* **Directions for this task**
Repeat the records below exactly, line for line.

* **Data**

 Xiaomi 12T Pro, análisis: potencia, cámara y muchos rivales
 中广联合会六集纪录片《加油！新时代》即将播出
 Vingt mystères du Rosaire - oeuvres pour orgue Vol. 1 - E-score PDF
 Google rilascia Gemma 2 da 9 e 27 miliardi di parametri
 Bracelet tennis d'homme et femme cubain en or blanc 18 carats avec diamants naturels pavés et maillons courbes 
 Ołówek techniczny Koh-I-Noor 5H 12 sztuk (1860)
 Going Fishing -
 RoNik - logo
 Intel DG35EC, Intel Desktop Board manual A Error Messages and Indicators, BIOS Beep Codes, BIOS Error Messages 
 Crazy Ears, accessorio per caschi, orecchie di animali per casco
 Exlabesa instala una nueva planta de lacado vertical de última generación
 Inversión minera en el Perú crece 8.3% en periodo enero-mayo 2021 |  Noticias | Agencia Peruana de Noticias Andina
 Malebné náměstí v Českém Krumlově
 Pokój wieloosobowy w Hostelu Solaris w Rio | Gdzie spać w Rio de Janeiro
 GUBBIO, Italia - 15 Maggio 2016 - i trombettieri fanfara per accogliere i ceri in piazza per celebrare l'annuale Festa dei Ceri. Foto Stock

* **Result for this task**
 Xiaomi 12T Pro, análisis: potencia, cámara y muchos rivales
 中广联合会六集纪录片《加油！新时代》即将播出
 Vingt mystères du Rosaire - oeuvres pour orgue Vol. 1 - E-score PDF
 Google rilascia Gemma 2 da 9 e 27 miliardi di parametri
 Bracelet tennis d'homme et femme cubain en or blanc 18 carats avec diamants naturels pavés et maillons courbes 
 Ołówek techniczny Koh-I-Noor 5H 12 sztuk (1860)
 Going Fishing -
 RoNik - logo
 Intel DG35EC, Intel Desktop Board manual A Error Messages and Indicators, BIOS Beep Codes, BIOS Error Messages 
 Crazy Ears, accessorio per caschi, orecchie di animali per casco
 Exlabesa instala una nueva planta de lacado vertical de última generación
 Inversión minera en el Perú crece 8.3% en periodo enero-mayo 2021 |  Noticias | Agencia Peruana de Noticias Andina
 Malebné náměstí v Českém Krumlově
 Pokój wieloosobowy w Hostelu Solaris w Rio | Gdzie spać w Rio de Janeiro
 GUBBIO, Italia - 15 Maggio 2016 - i trombettieri fanfara per accogliere i ceri in piazza per celebrare l'annuale Festa dei Ceri. Foto Stock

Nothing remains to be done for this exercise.